The external resources are not required reading, but they might be helpful to provide context and details.

  1. Think Python, Ch. 11: Dictionaries
  2. Slides and notebooks from Lec 10, Lec 11
  3. Lab on Dictionaries and Data Visualization
  4. Python documentation on dictionary operations
  5. Lab notes on "How to make a pie chart"
  6. Lab plotting examples
  7. matplotlib gallery
  8. matplotlib plotting commands
  9. matplotlib examples

About this Problem Set

This problem set will give you practice with dictionaries, especially creating dictionaries and accumulating with dictionaries; preparing data for visualization using list comprehension; and data visualization.

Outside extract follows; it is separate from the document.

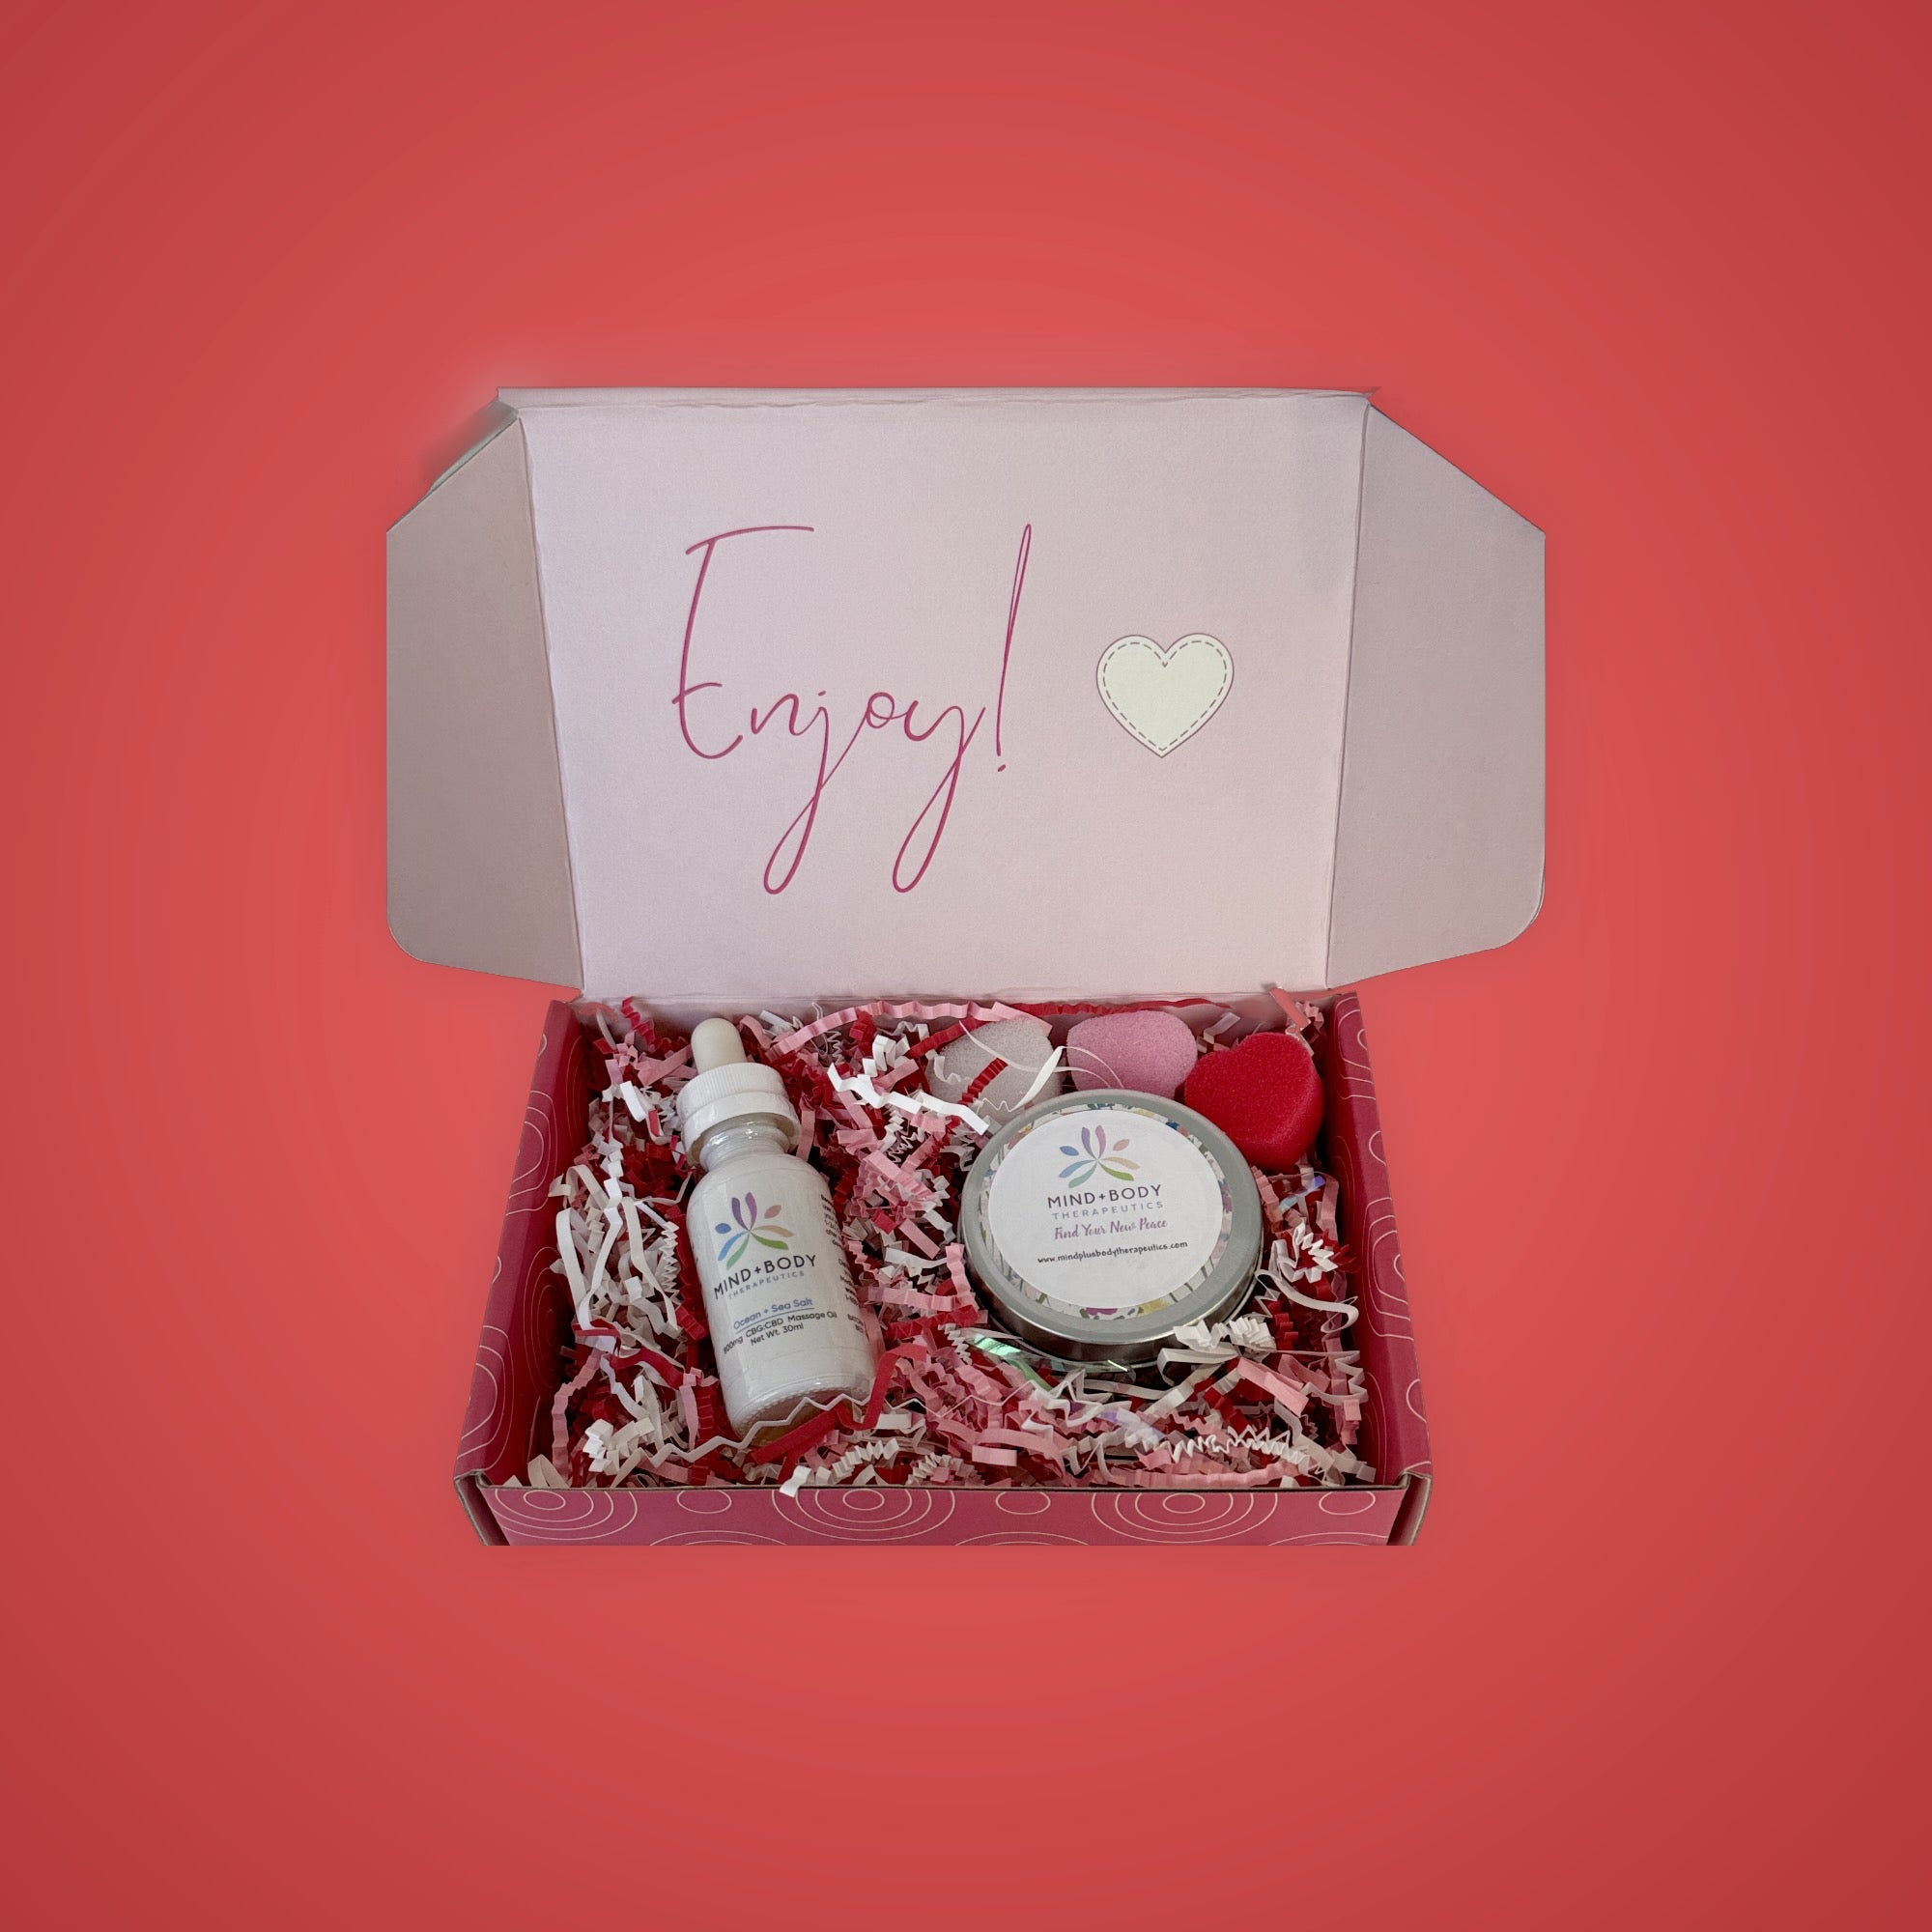 Mind+Body CBG:CBD Massage Oil & Candle Valentine's Gift Set

  1. In Task 1, you will write a program to find anagrams using dictionaries.
  2. In Task 2 (a partner task), you will perform data analysis and plotting on a dataset about passengers on the Titanic. Use this shared Google Doc to find a pair programming partner. Remember that you can work with the same partner a maximum of TWICE this semester. We will deduct 2 points per day for any students who have not recorded their names on the pair programming google doc by Sunday, Mar 12 at 11:59pm.
  3. The CS111 Problem Set Guide gives an overview of psets, including a detailed description of individual and partner tasks.
  4. In Fall 2016, students spent an average of 2.96 hours on Task 1 (min 1 hour, max 9 hours), and 4.4 hours on Task 2 (min 3 hours, max 12 hours).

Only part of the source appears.